## [Material for this task]
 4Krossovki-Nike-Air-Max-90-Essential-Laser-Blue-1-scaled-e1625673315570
---
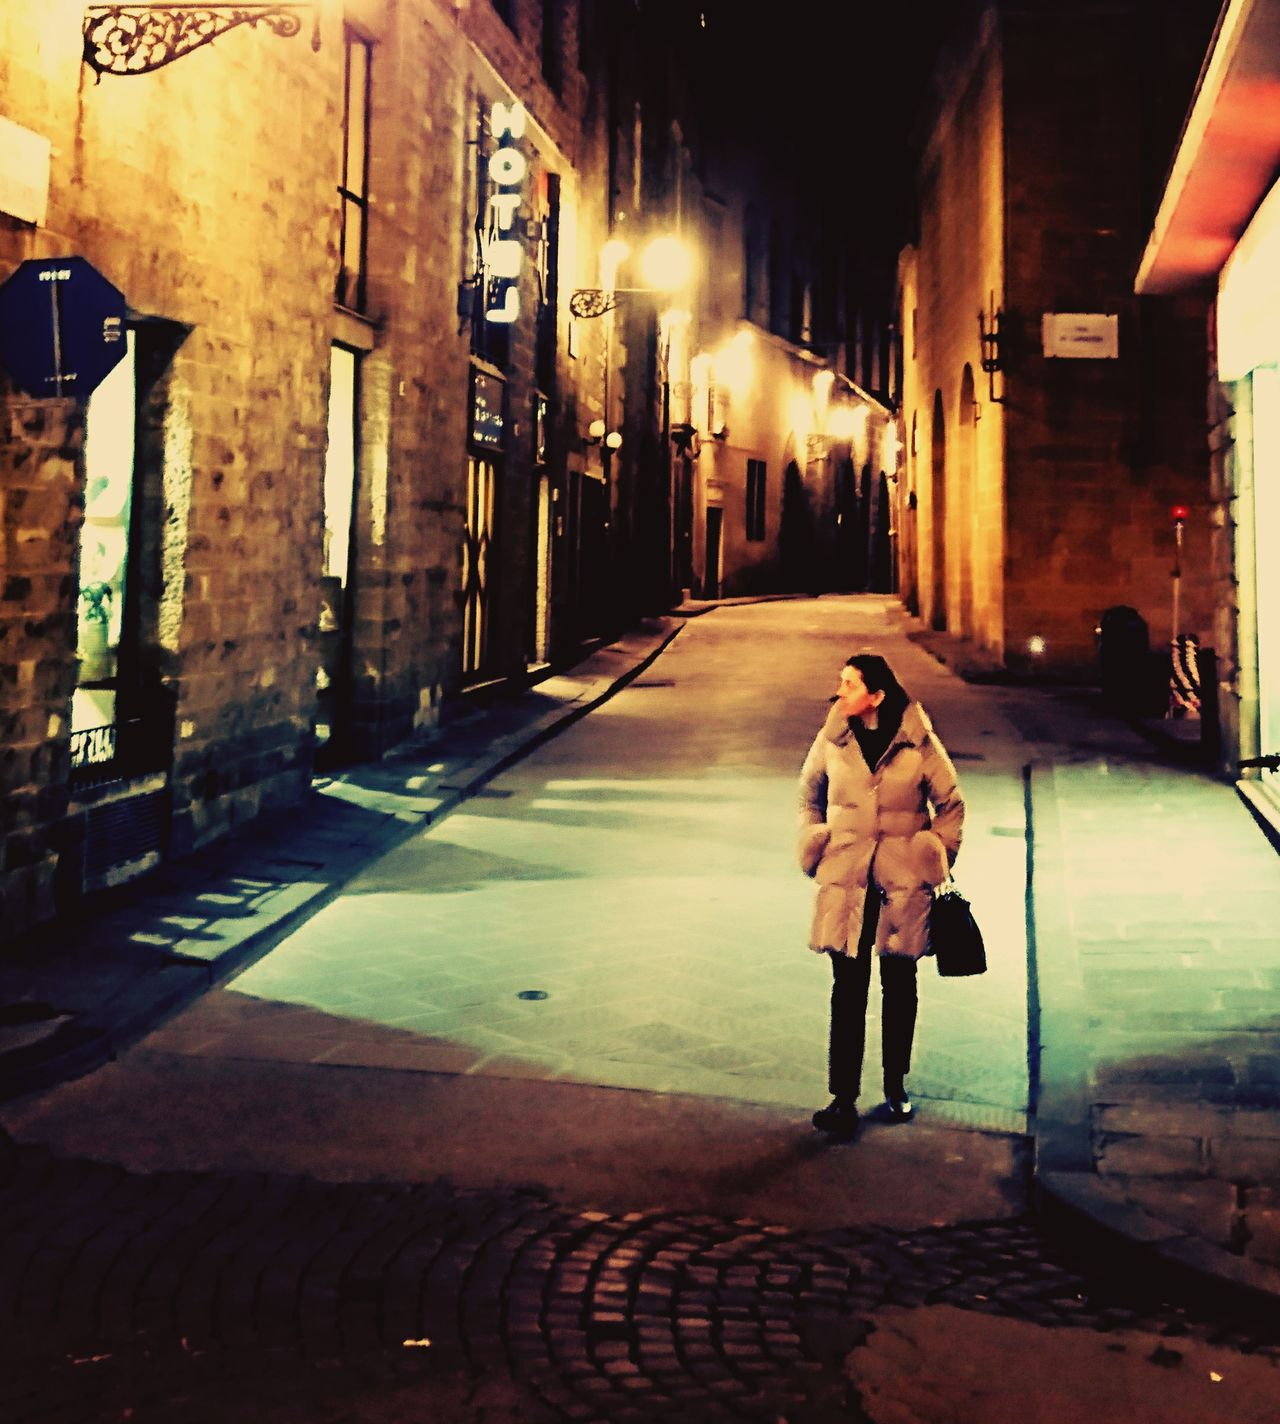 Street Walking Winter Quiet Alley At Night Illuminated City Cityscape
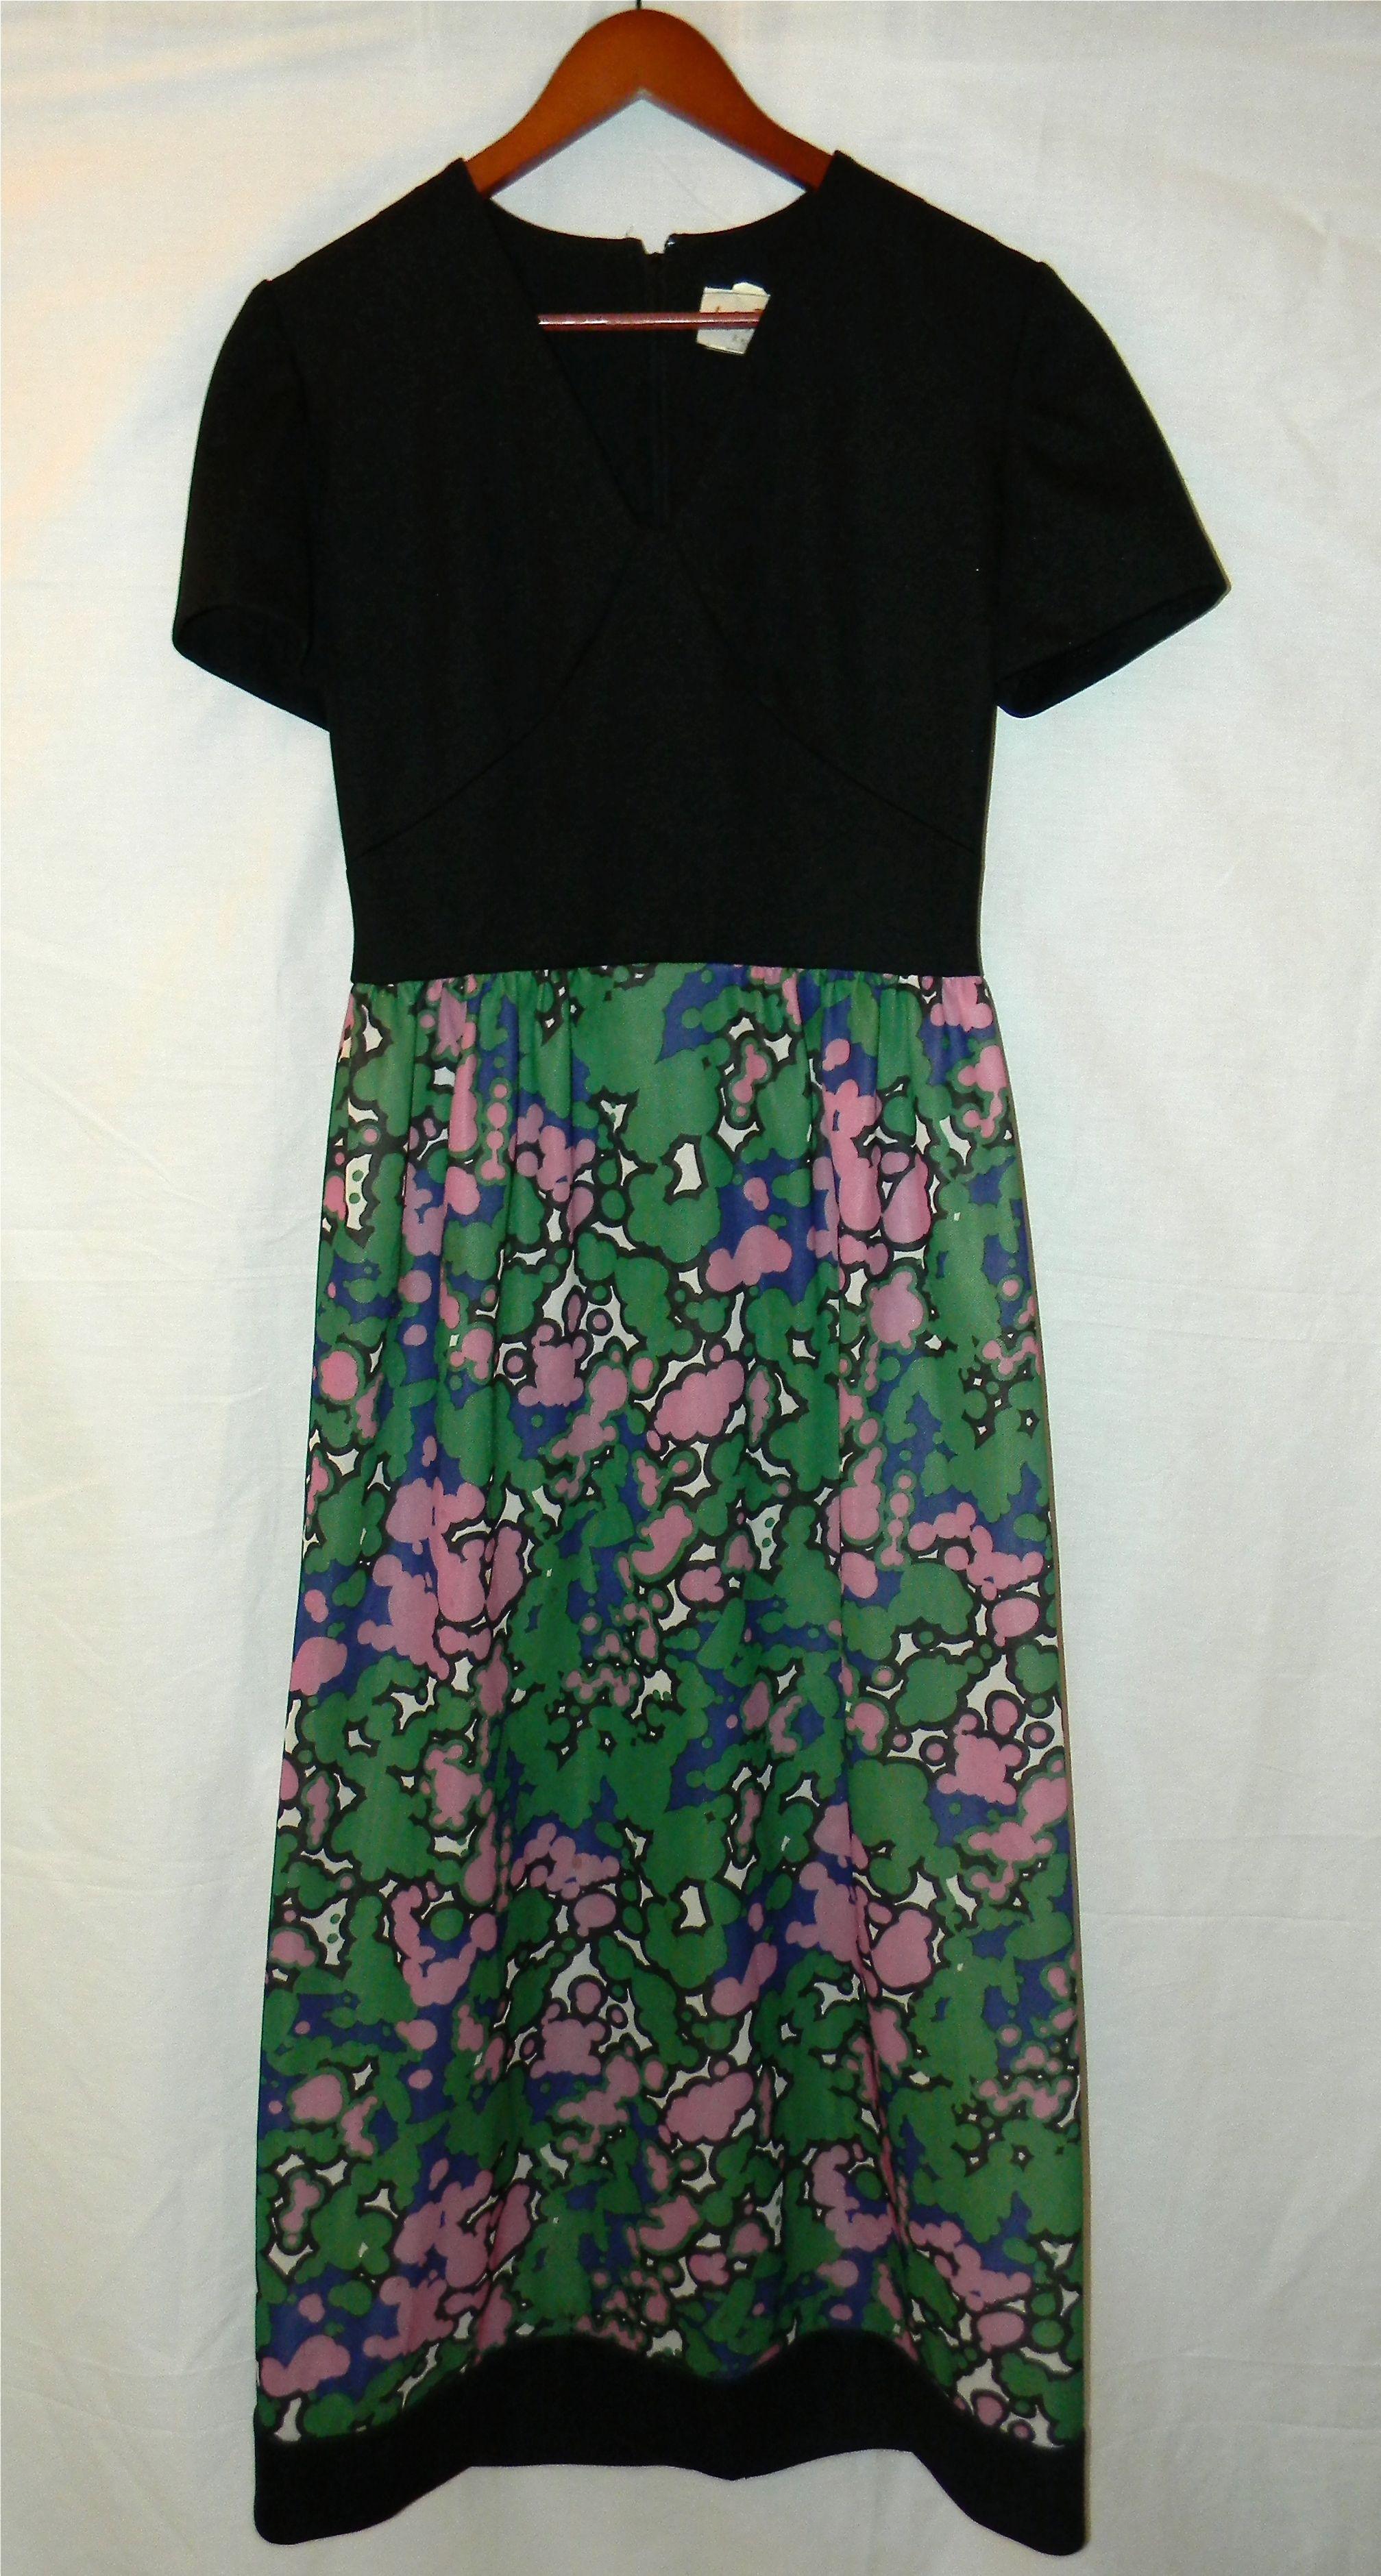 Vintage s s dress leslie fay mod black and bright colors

## [Goal of the exercise]
Though the entries above contain pictures, none should be copied; reproduce only the lines between the one holding "Street Walking Winter" and the one holding "Vintage s s", inclusive, exactly as written.

## [Response to this exercise]
 Street Walking Winter Quiet Alley At Night Illuminated City Cityscape
 Vintage s s dress leslie fay mod black and bright colors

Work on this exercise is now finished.